Maren Morris’ “Bones” played in the waiting room as I was texting my friends sharing how emotional and exhausted was feeling. I really felt like I was in the home stretch and with supportive texts and knowing that it would be over soon I pushed through. I cried throughout that 3 hour appointment.I’d been so used to concealing my emotions over the years when there had been intense events unfolding, as I had learned to from adjusting to normal school/work life while experiencing grief as a teen. I felt safe in this clinic space and knew I had support and I was open and accepting of my experience which made it easier for me to just let go and cry publicly in this waiting room. This was a first for me. I thought to myself, “had it been that easy all along?” The feeling of worry – giving a shit at all about what others around me felt and thought had completely gone away. This was big for me as I look back on that day a few weeks ago. For someone who has PTSD and has experienced various losses, if you don’t work through those feelings and process in a healthy way in my experience, you just learn to adjust to what makes other people feel comfortable and safe because your experience has been so different from there’s. You hold back a lot to prevent others from being uncomfortable or prying too much and making you feel worse.
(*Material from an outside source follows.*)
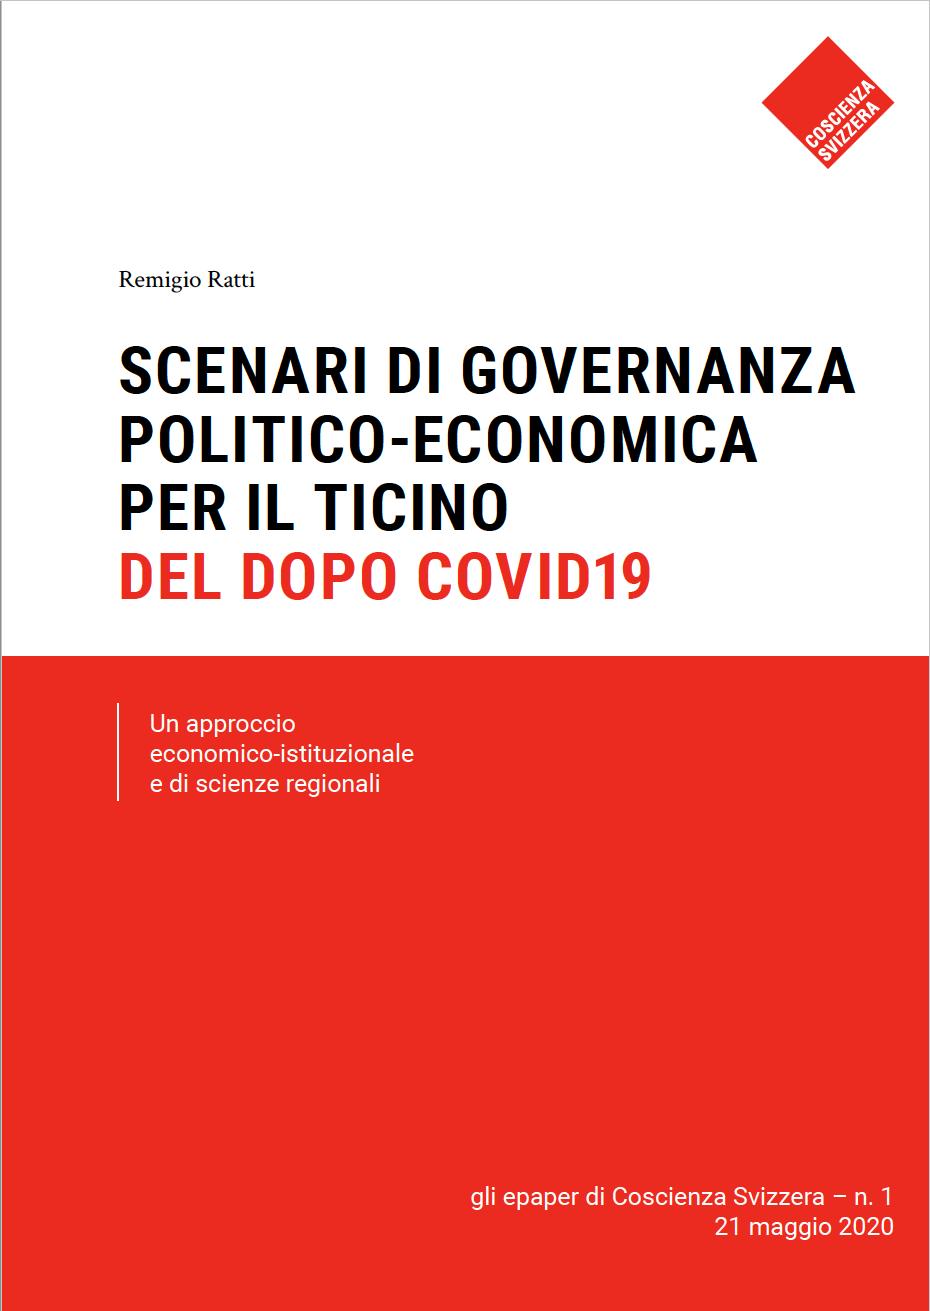 Scenari di governanza politico-economica per il Ticino del dopo Covid-19
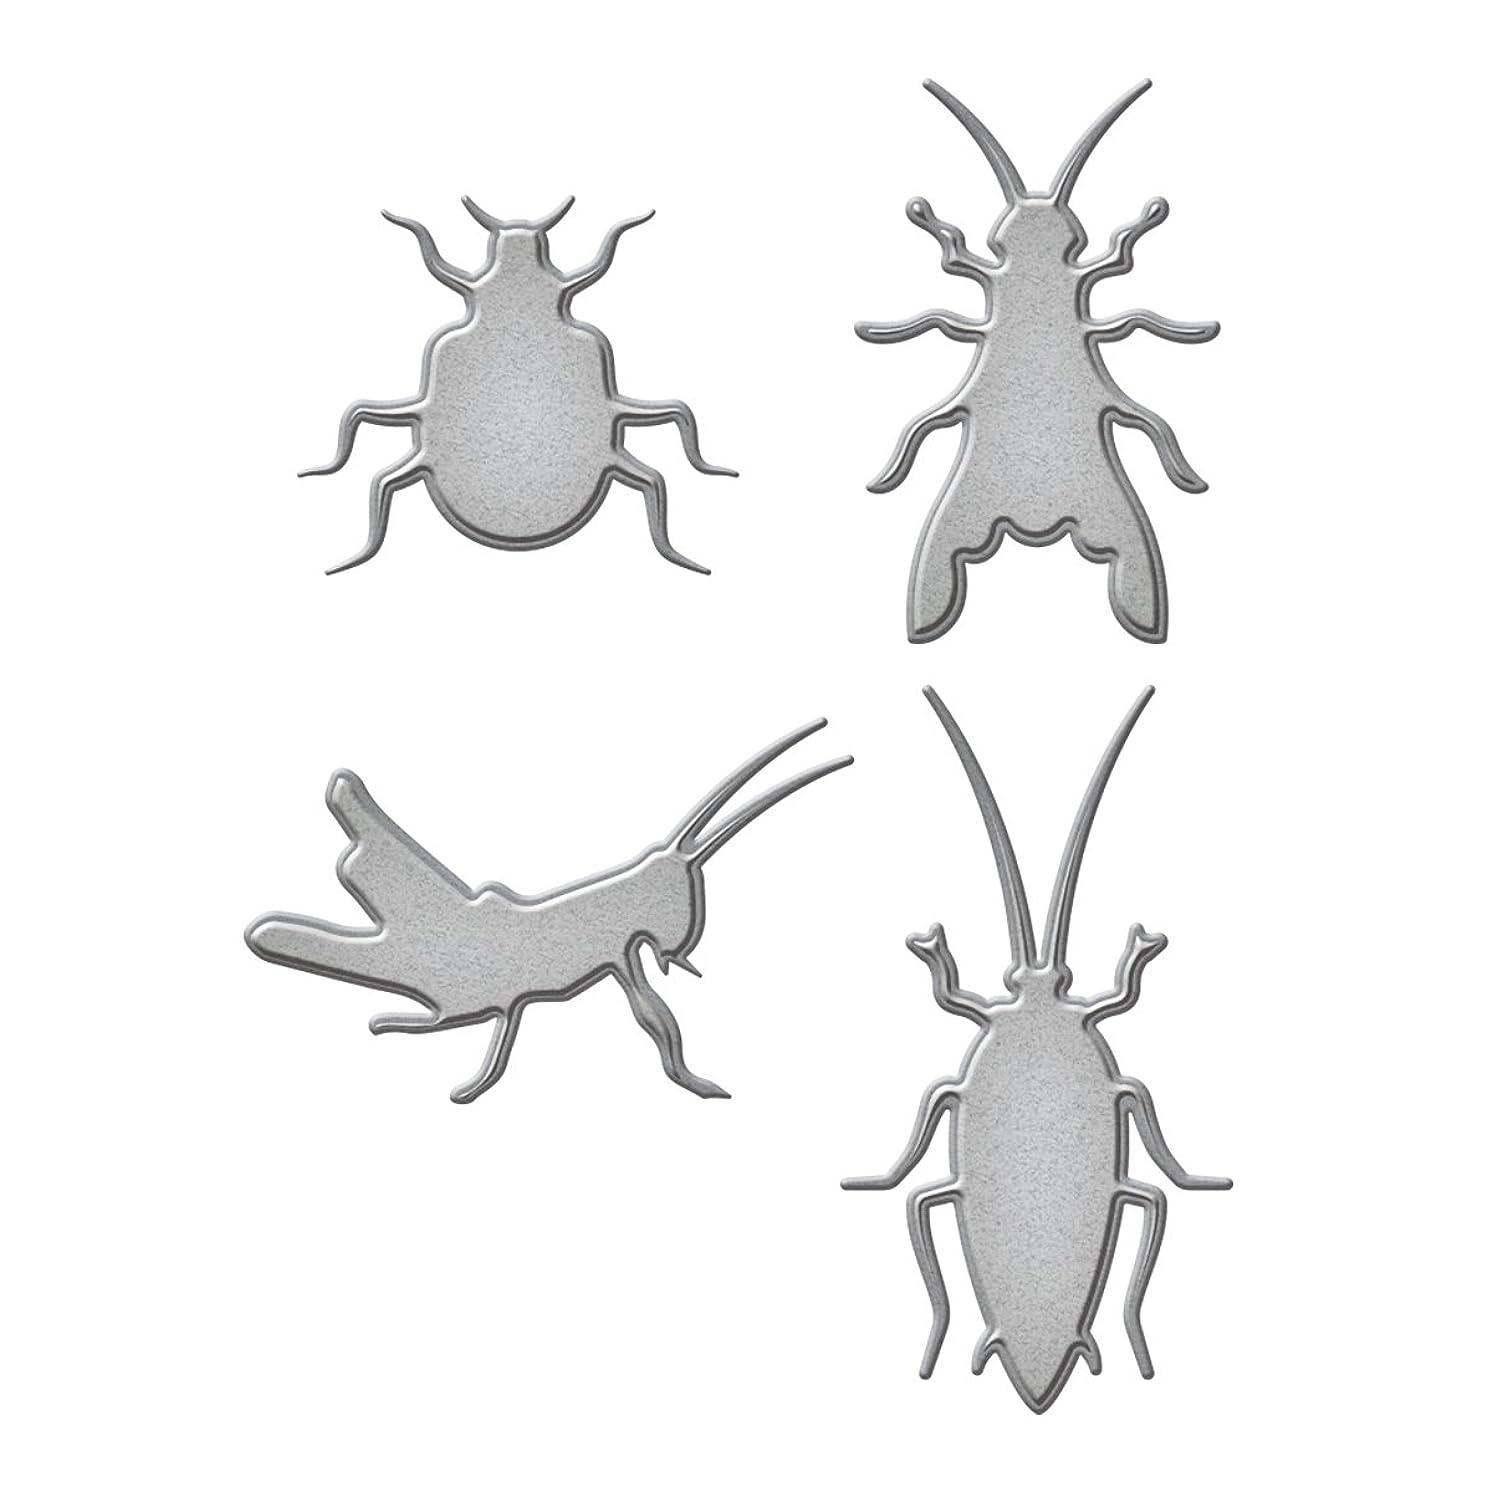 Spellbinders Die D-Lites Bugs Etched/Wafer Thin Dies

This fertility preservation was an intense process, while mostly not painful or unbearable in contrast to other things I have experienced it was still emotionally taxing – this was planning for my future. While this was the toughest day out of the process, I reflected on my overall healing journey including how I coped during my first losses and acknowledging what was helpful and challenging for me during the weeks prepping my body for egg retrieval.
The things that impacted my mental health throughout this process:
COVID – I wasn’t allowed to have anyone at my appointments or waiting for me at my procedure.
FINANCES – This is a costly investment even for those with compassionate care – I kept reframing this for myself when I found myself in a negative headspace – “you are your best investment”.
UNCERTAINTY – Although you are not certain on how many eggs they will retrieve – they give you some idea but they do not know the quality of the eggs until they are out of your body.
SOCIETAL PRESSURES GETTING TO MY HEAD – The pressure to perform as a female and for my body to produce was something like I hadn’t experienced before.
Here are some of the things that were absolutely instrumental in the success of my fertility preservation process:
SUPPORT – This included my family, friends, co-workers, staff at the clinic, fertility specialist, family doctor, naturopath.
EATING HEALTHY AND ADJUSTING MY SUPPLEMENTS . Filling my body with healthy foods and supplements to support this process made me feel good and more energized – reduced sugar, dairy, gluten and had a lot of proteins and greens.
REDUCING STRESS – I gave myself these 2/3 weeks to really focus in on this “one job” which meant putting my actual job on hold (I battled with myself on this for days but had a lot of positive support from co-workers and my leads).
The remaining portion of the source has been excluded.